Why doesn't Visual Studio fire a warning at se

2020-03-24 08:11发布

I was refactoring a term which appeared a bazilion times when by accident I produced a situation like in the code below:

#include "stdafx.h"
#include <iostream>

int foo = foo;

//By replacing with the following instruction we causes a compile error
//int foo(foo);

int _tmain(int argc, _TCHAR* argv[])
{
    int bar = bar;
    std::cout << "Well this is awkward " << foo << std::endl;
    return 0;
}

With different debug and release configurations the compiler is silent about int foo = foo;.

I fail to see a situation where this statement is not a bug waiting to happen. Shouldn't the Visual Studio compiler fire a warning?

I am not pretending this is an undefined behavior. I am saying that by default making an assignment from a variable to itself is likely to be the programmer mistake.

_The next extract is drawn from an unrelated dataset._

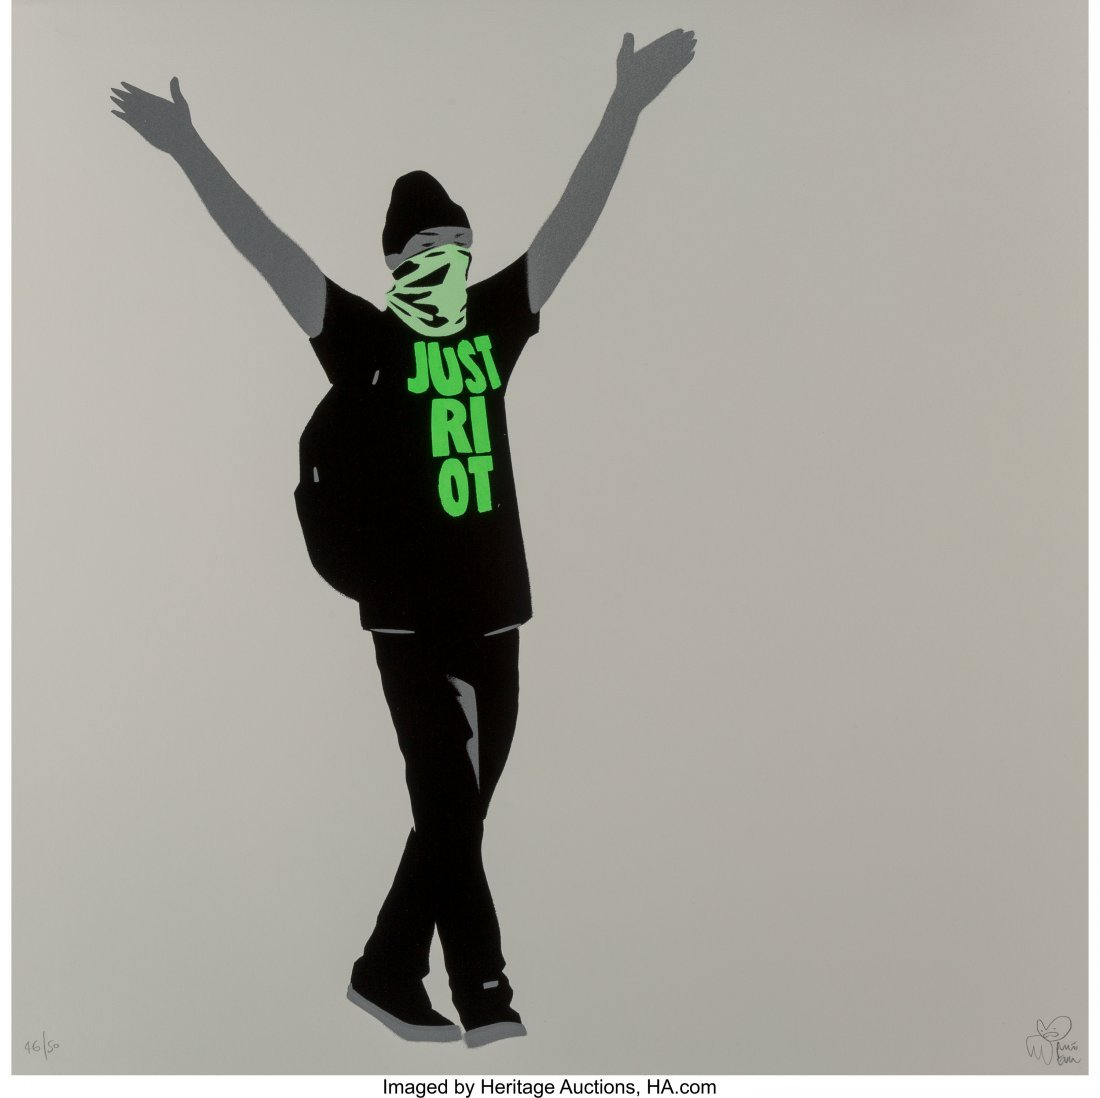 60166: Pure Evil (b. 1968) Just Riot (Fleuro Green), 20

Unless someone has a weird scheme around the use of the assignment operator.

1条回答
贼婆χ
2楼-- · 2020-03-24 08:43

A similar issue (i=i++) is indeed undefined behavior, but it's mainly because the instruction contains two assignments to the same variable:

  • The incrementing of i (i++), which is done at some point after the instruction i++ returns i

  • The assignment of i

The problem is that we can't really know if the assignment of i happens before or after incrementing, thus undefined behavior.

In your example, foo=foo, we have a read, followed by a write. Unambiguously, we will have to read the value before writing to it, so it's easy to define.

A side note is that if operator= is redefined, then foo=foo could do a lot of things that aren't simply a copy of foo into itself. C++ purposefully allows you to shoot yourself in the food in many different ways. But in any case C++ compilers are not the gold standard of pro-activeness in warnings/errors.